Collected material =
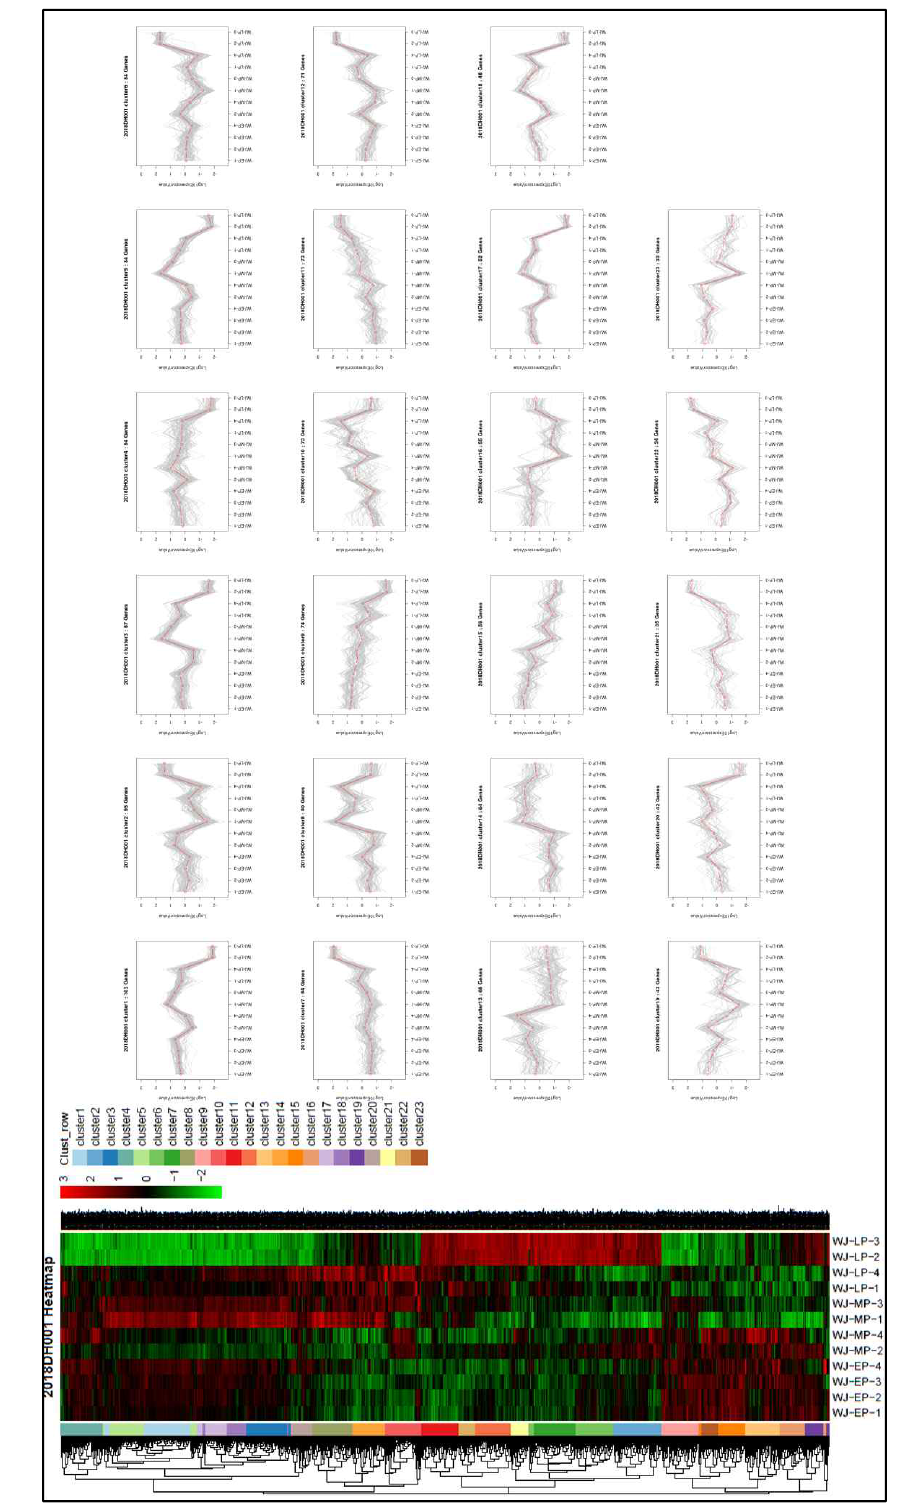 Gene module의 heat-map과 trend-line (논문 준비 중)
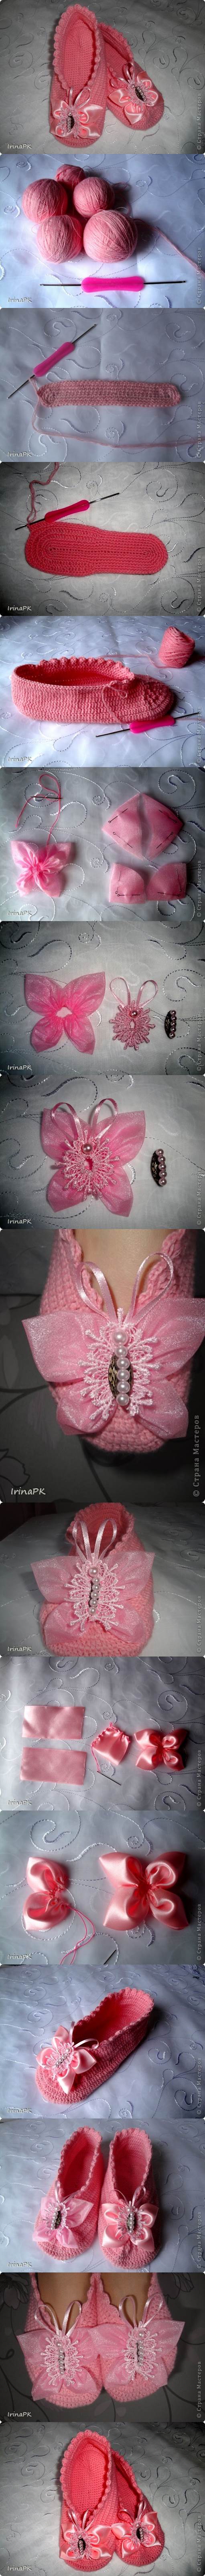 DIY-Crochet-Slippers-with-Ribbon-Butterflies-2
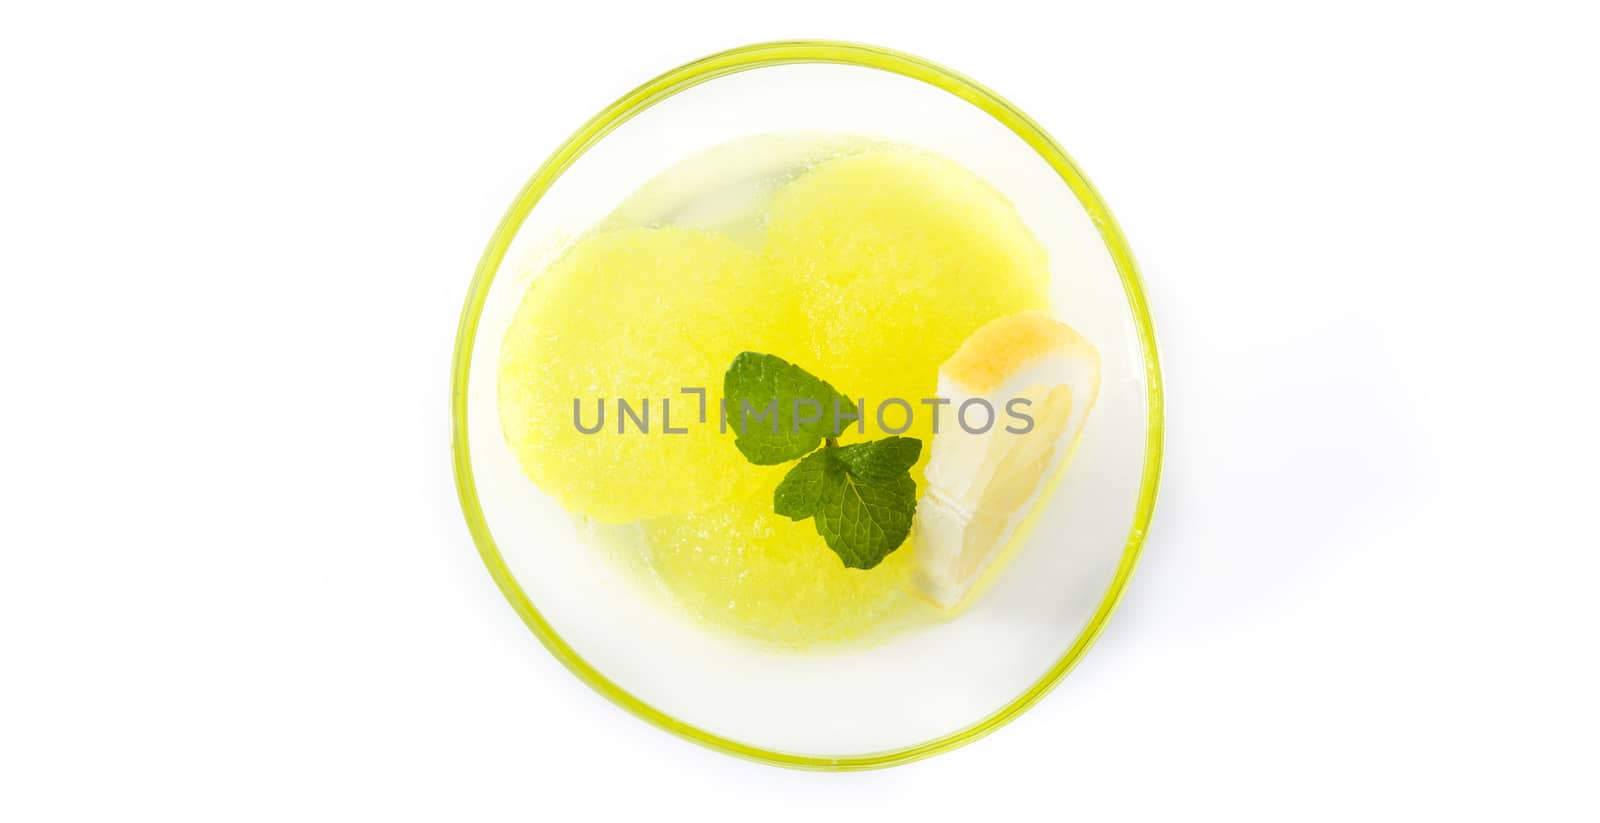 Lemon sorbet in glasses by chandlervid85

What needs to be done =
Excluding images, output exactly the lines from the one that holds "DIY-Crochet-Slippers-with-Ribbon-Butterflies-2" through the final line of the material, both ends included.

Exercise answer =
 DIY-Crochet-Slippers-with-Ribbon-Butterflies-2
 Lemon sorbet in glasses by chandlervid85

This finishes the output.